Um dos projetos prevê a concessão de um auxílio emergencial de R$ 600 por seis meses aos residentes em municípios da Zona da Mata Mineira. Os beneficiários devem ser maiores de 18 anos, salvo no caso de mães adolescentes. Além disso, devem comprovar a perda de suas moradias em decorrência da catástrofe ambiental.
O recebimento do auxílio fica limitado a dois membros da mesma família. A pessoa provedora de família monoparental receberá duas cotas do auxílio emergencial, independentemente do sexo, segundo a proposta.
O projeto também autoriza o Instituto Nacional do Seguro Social (INSS) a antecipar o valor de duas cotas do auxílio para os requerentes do Benefício de Prestação Continuada (BPC). Além disso, há permissão de antecipar um salário mínimo para os requerentes do benefício de auxílio-doença durante o período de seis meses.
O outro projeto, voltado para as empresas da Zona da Mata Mineira, reduz a 0% por 12 meses as alíquotas dos seguintes tributos: Contribuição para os Programas de Integração Social e de Formação do Patrimônio do Servidor Público (Contribuição Pis/Pasep); Contribuição para o Financiamento da Seguridade Social (Cofins); Contribuição Social sobre o Lucro Líquido (CSLL); e Imposto sobre a Renda das Pessoas Jurídicas (IRPJ).
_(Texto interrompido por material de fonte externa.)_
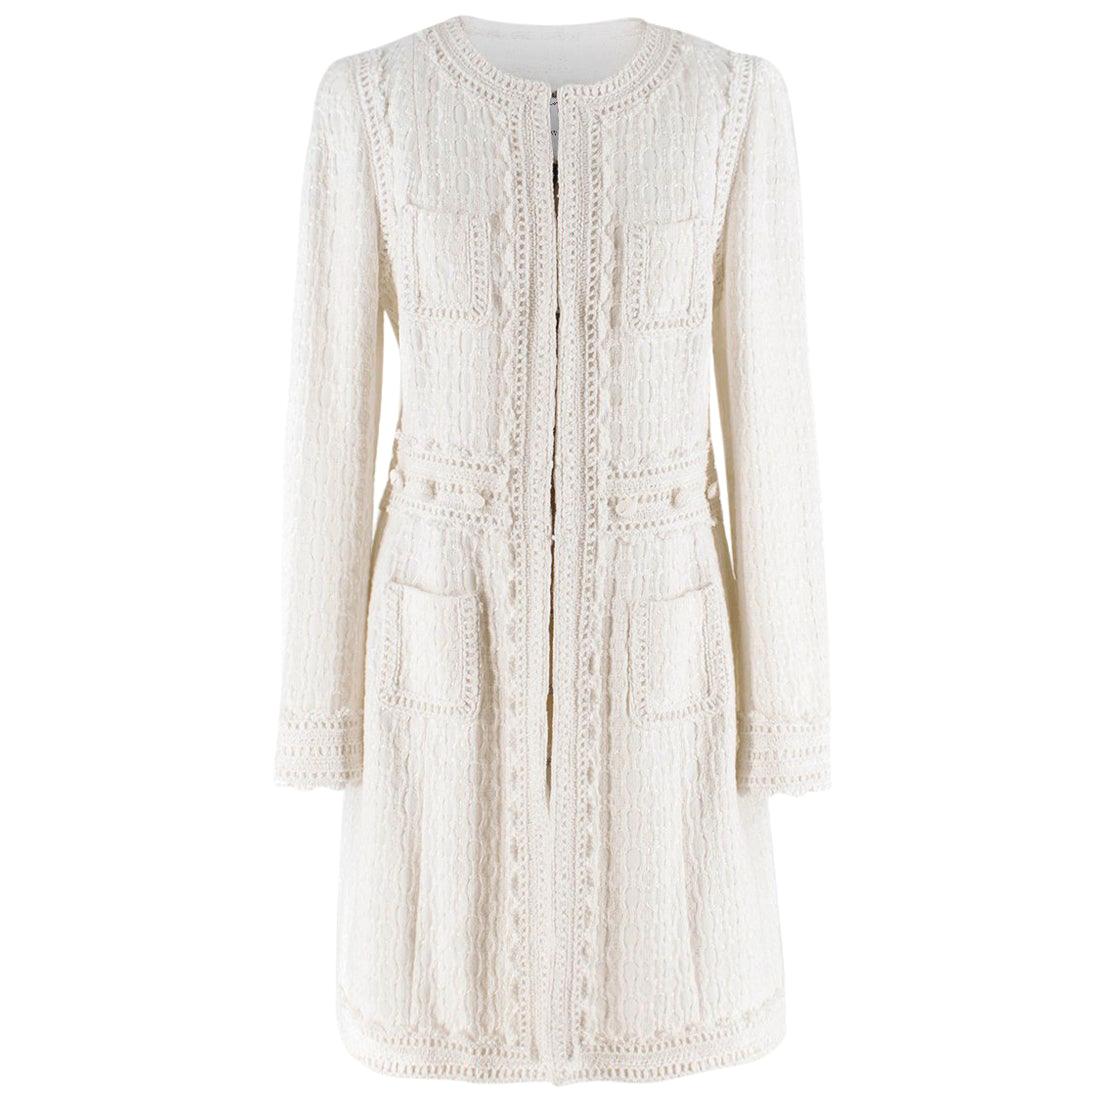 Andrew GN white collarless tweed coat US 10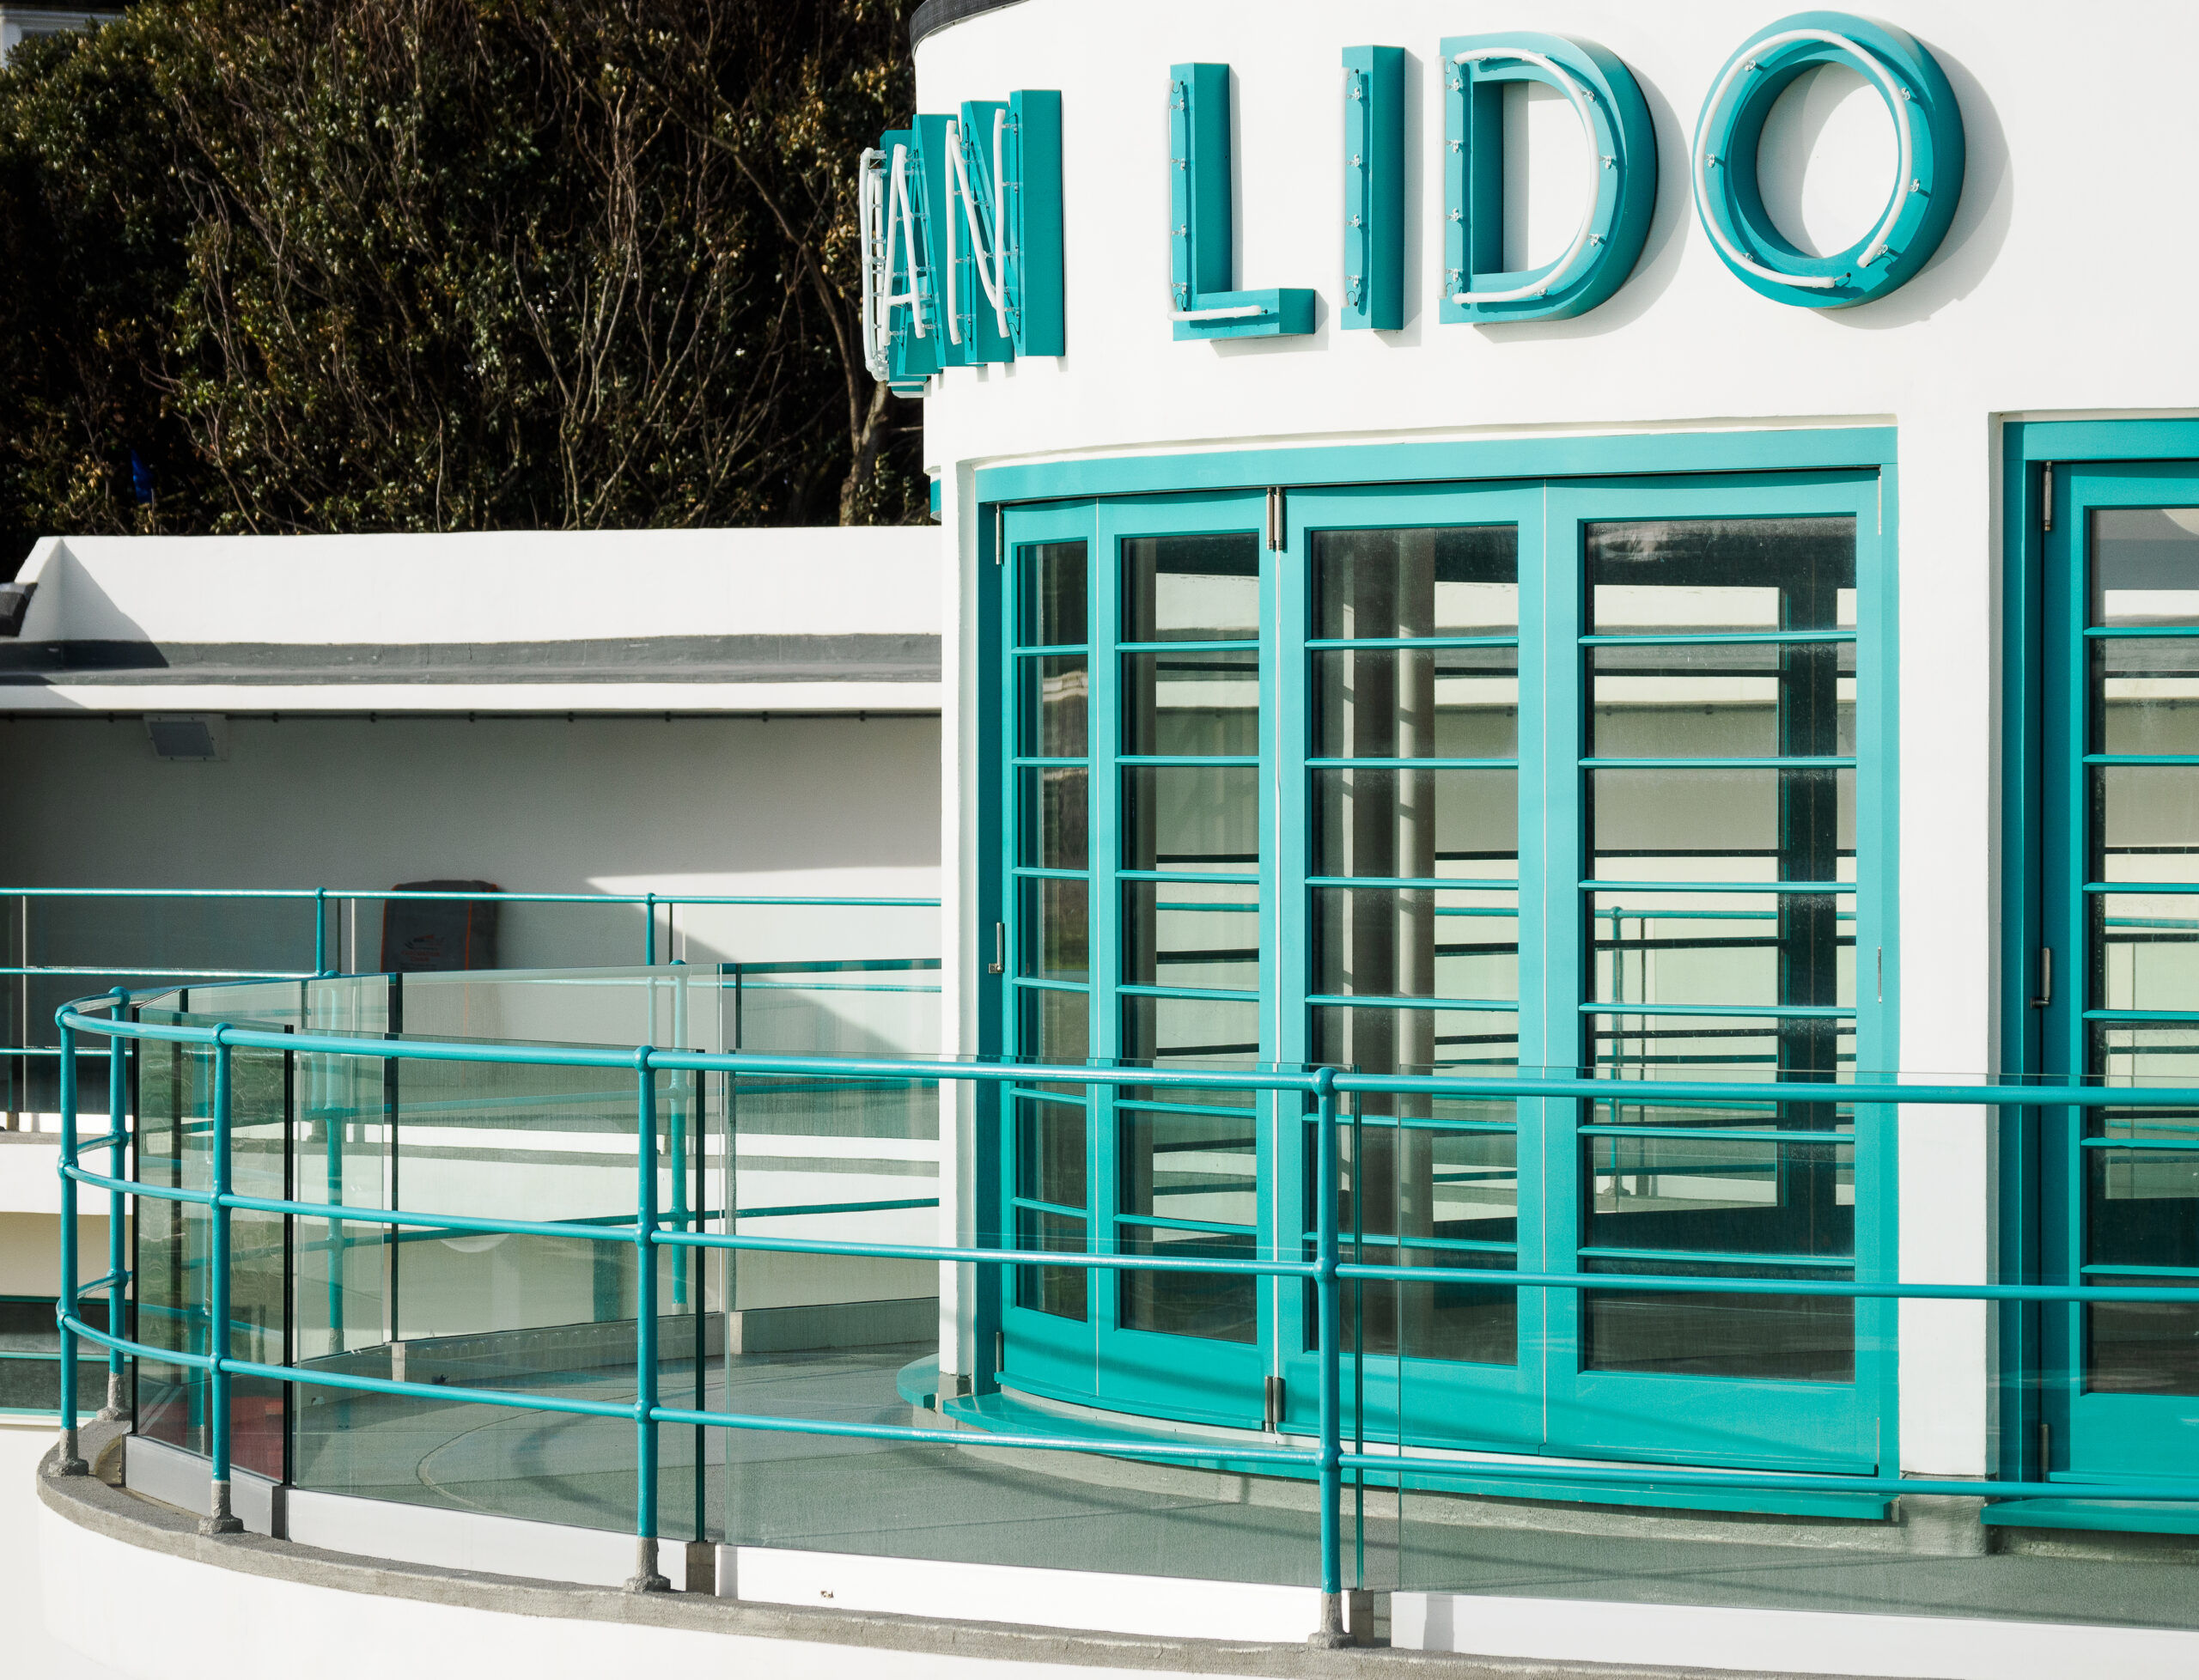 The Saltdean Lido first floor which will be home to the new Deco restaurant. Pictured, a curved building with white and light blue facade. With railings.

O texto diz que podem ser utilizados como fonte de recursos o Tesouro Nacional, o produto da arrecadação das loterias, os recursos de operação de crédito interna decorrente da emissão de títulos do Tesouro Nacional para ações emergenciais no Rio Grande do Sul, dotação orçamentária específica e demais fontes. O Poder Executivo também deverá regulamentar o percentual do Fundo Garantidor de Operações (FGO) em montante não inferior a 20% para as ações previstas.
O projeto institui ainda o Programa de Garantia aos Setores Críticos (PGSC), destinado a empresas de direito privado, associações, fundações de direito privado e sociedades cooperativas, exceto sociedades de crédito, que tenham sede na Zona da Mata Mineira e tenham sido afetadas pela catástrofe. O programa será operacionalizado pelo Fundo Garantidor para Investimentos (FGI) e será administrado pelo Banco Nacional de Desenvolvimento Econômico e Social (BNDES).